You'll obviously want to verify the "md5sum" of the image before you begin your investigation. I'm also showing it here so that we can verify at the end of our procedure that we haven't modified the disk image in any way.

The "mmls" output shows two Linux file systems- one rather small and the other consuming most of the disk- and some unallocated regions. I'd already be suspicious that encryption was being used here, since this layout suggests the typical "unencrypted /boot and large encrypted volume" layout common to modern Linux installers. We also don't see a swap partition in this disk layout, suggesting that the swap area is hidden away inside the larger volume.

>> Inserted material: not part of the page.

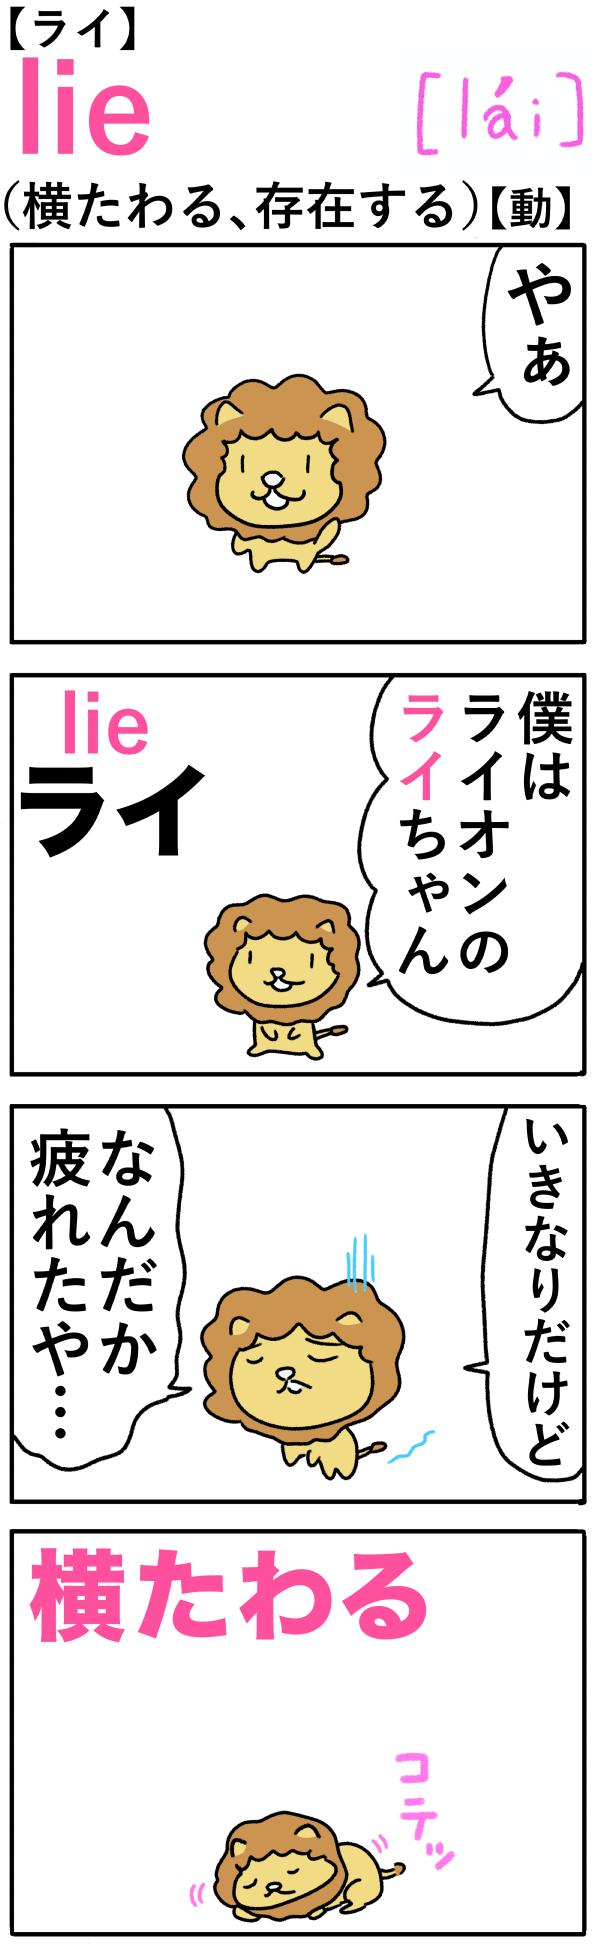 lie(横たわる)の語呂合わせ英単語

But let's check out the two Linux file systems to see if we can get more information. First, the smaller partition at the front of the disk:

# fsstat -o 2048 sda.dd
FILE SYSTEM INFORMATION
--------------------------------------------
File System Type: Ext3
Volume Name:
Volume ID: 2c71dce497ca7d83694ea172de905590

Last Written at: Tue Oct  5 11:06:10 2010
Last Checked at: Tue Oct  5 10:04:19 2010

Last Mounted at: Tue Oct  5 11:05:31 2010
Unmounted properly
Last mounted on: /boot
[...]

This does, indeed, seem to be the /boot partition.

Now let's see what we get when we run "fsstat" against the other partition:

# fsstat -o 499712 sda.dd
Cannot determine file system type

So the partition does not contain a file system type that "fsstat" recognizes. It seems unlikely that there would be no file system in this rather large partition, so the most likely explanation is LVM2 and/or a dm-crypt volume. But how can we test this theory?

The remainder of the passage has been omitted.